На письменном столе Макавеева был хаос: книги, черновики с пятнами пролитых чернил, битые грампластинки, сломанные карандаши, сковородка с недоеденной и пошедшей нежным пеплом плесени яичницей. Макавеев, к счастью, не позвал его к письменному столу, а указал на место у обеденного. Там было чище – разве недоштопанный носок с торчащей из него цыганской иглой лежал между супницей и вазочкой с вареньем, весь в хлебных крошках. Венчал этот натюрморт граненый стакан с вялыми стебельками колокольчиков, лютиков и ромашек – они бессильно свесились через край стакана, и стол вокруг него был усыпан желтой пыльцой.
Алексей взялся за спинку стула, чтобы отодвинуть его от стола – спинка была липкая.
– Садитесь, садитесь, – сказал Макавеев, как будто почувствовав его замешательство. Потер переносицу.
Еще когда Алексей собирался сюда, он никак не мог решить, что же привезти с собой – потому что визит был, с одной стороны, деловой, но все же.
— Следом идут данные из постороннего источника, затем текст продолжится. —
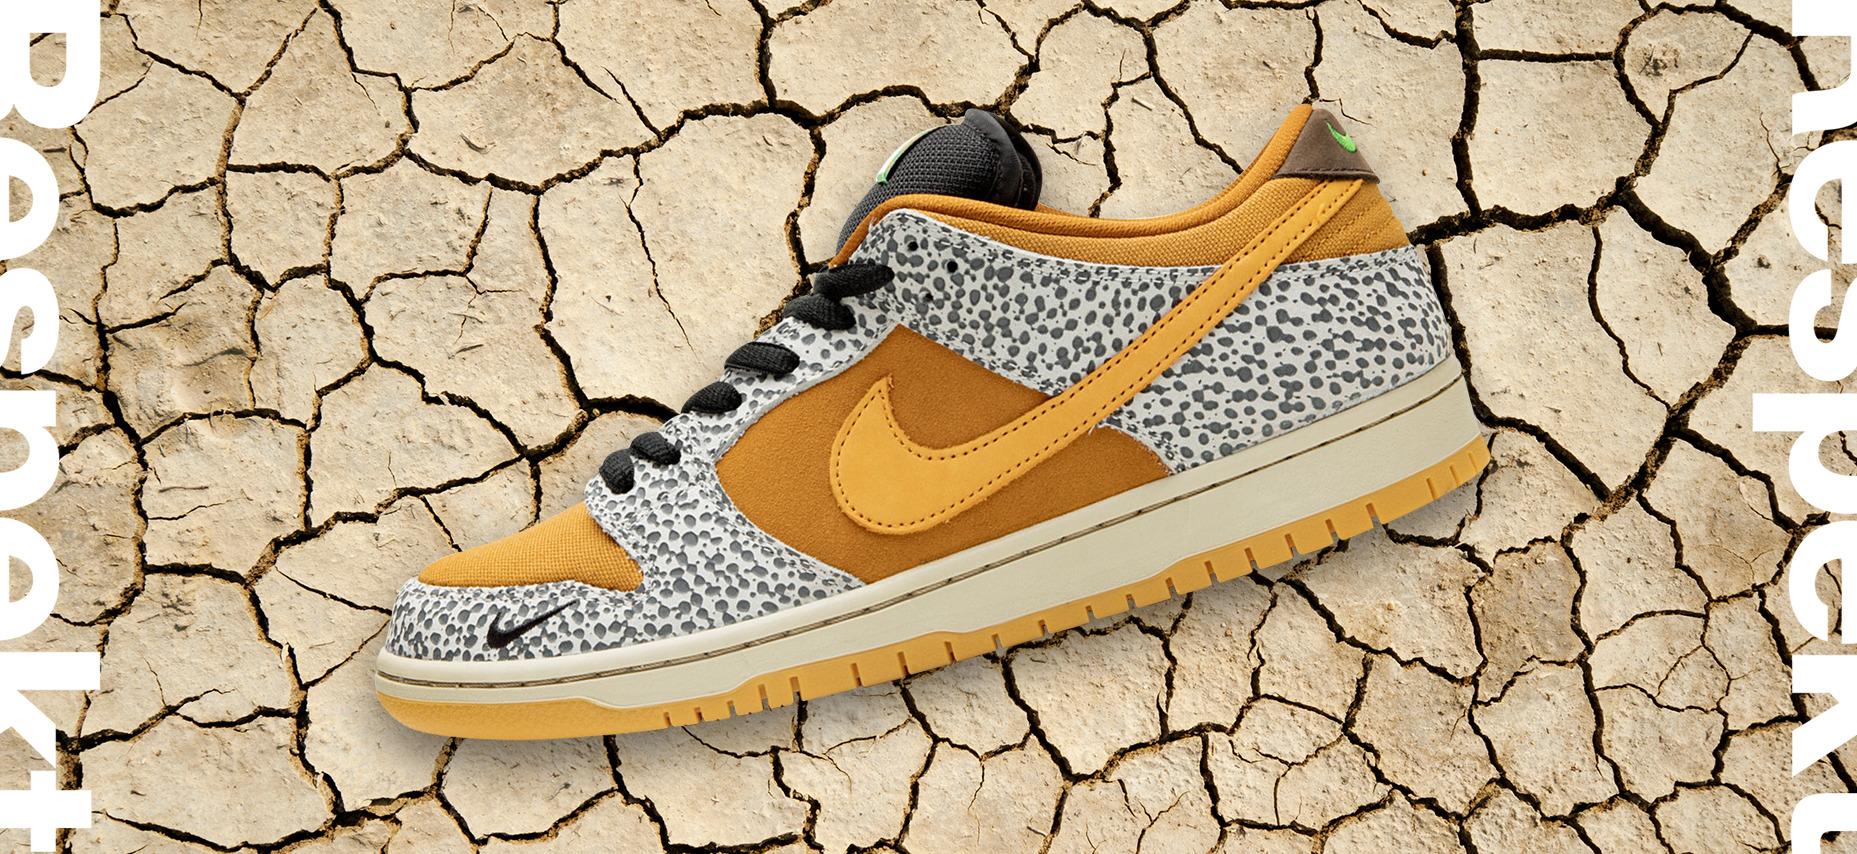 Nike SB Dunk Low – Wir gehen auf Safari 4

Потом еще, может быть, цветы жене? Нет? Посоветовался с Софьей, она сказала слегка ревниво, что, мол, перебьется. Конфет хватит. Вон «Красный Октябрь» можно на Воровского купить. Чтоб свежие были наверняка.
Он протянул конфеты Макавееву. Протянул бы жене, но ее то ли не было, то ли не сочла нужным выйти к незначительному гостю. (Алексей нагнетал. Ему даже немного хотелось, чтобы Мирра была тем человеком, который может не выйти к незначительному гостю. Или счесть его как гостя незначительным. Это дало бы ему право низвести Макавеева и его жену с той высоты, на которую он сам, его испуганное самолюбие их и возвело.)
Макавеев взглянул на него поверх несуществующих очков.
– Конфеты, да, – сказал он. – Хорошее дело, я любил, зубы болели.
Он говорил немного телеграфно, как диккенсовский Джингль.
Алексей присел на край стула. Потом подумал, что это уж как-то совсем, и уселся основательнее.
– Сейчас жена придет, чаю, – сказал Макавеев. – Пока поговорим.
Значит, все-таки не дома.
Ну хорошо. Поговорим – легко предложить. Как начать, с чего, про всю эту букетную теорию.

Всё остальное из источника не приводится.